Once the line containing "Темно-синяя летняя мужская" is found in the entries below, reproduce it and every line after it, stopping at and including the line containing "Bhadrakali all'interno del"; reproduce nothing else, and keep each line exact.

» Material provided
▬▬▬▬▬▬▬▬▬▬

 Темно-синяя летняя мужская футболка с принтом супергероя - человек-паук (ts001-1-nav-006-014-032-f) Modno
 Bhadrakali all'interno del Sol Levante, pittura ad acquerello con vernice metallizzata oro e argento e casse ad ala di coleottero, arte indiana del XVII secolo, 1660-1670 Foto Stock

▬▬▬▬▬▬▬▬▬▬

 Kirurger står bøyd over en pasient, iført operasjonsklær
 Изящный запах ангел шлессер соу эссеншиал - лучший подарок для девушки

▬▬▬▬▬▬▬▬▬▬

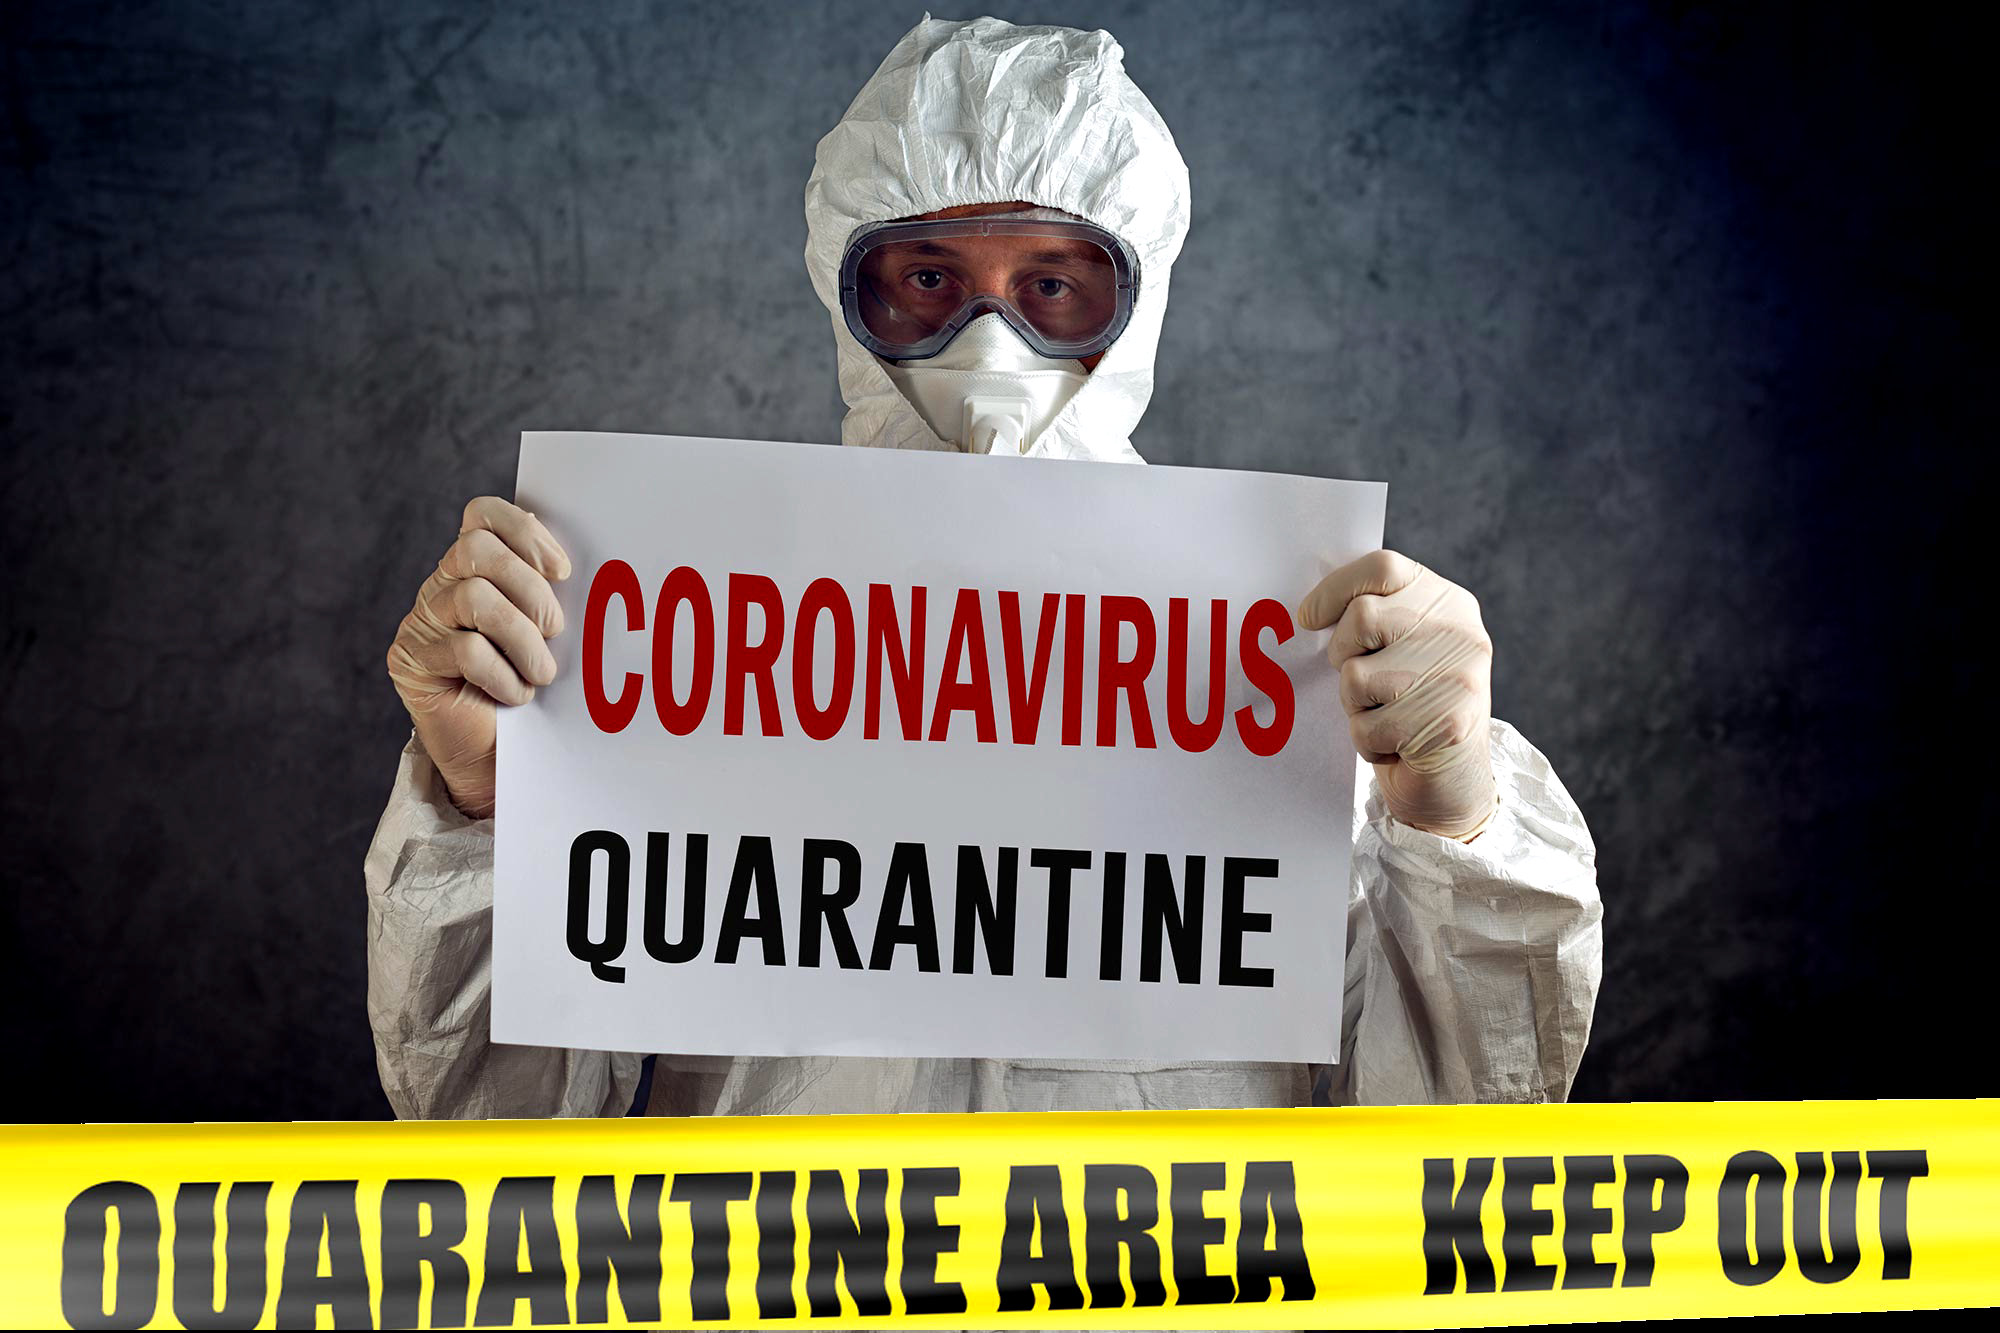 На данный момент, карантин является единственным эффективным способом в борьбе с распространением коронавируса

▬▬▬▬▬▬▬▬▬▬

» Response to this exercise
 Темно-синяя летняя мужская футболка с принтом супергероя - человек-паук (ts001-1-nav-006-014-032-f) Modno
 Bhadrakali all'interno del Sol Levante, pittura ad acquerello con vernice metallizzata oro e argento e casse ad ala di coleottero, arte indiana del XVII secolo, 1660-1670 Foto Stock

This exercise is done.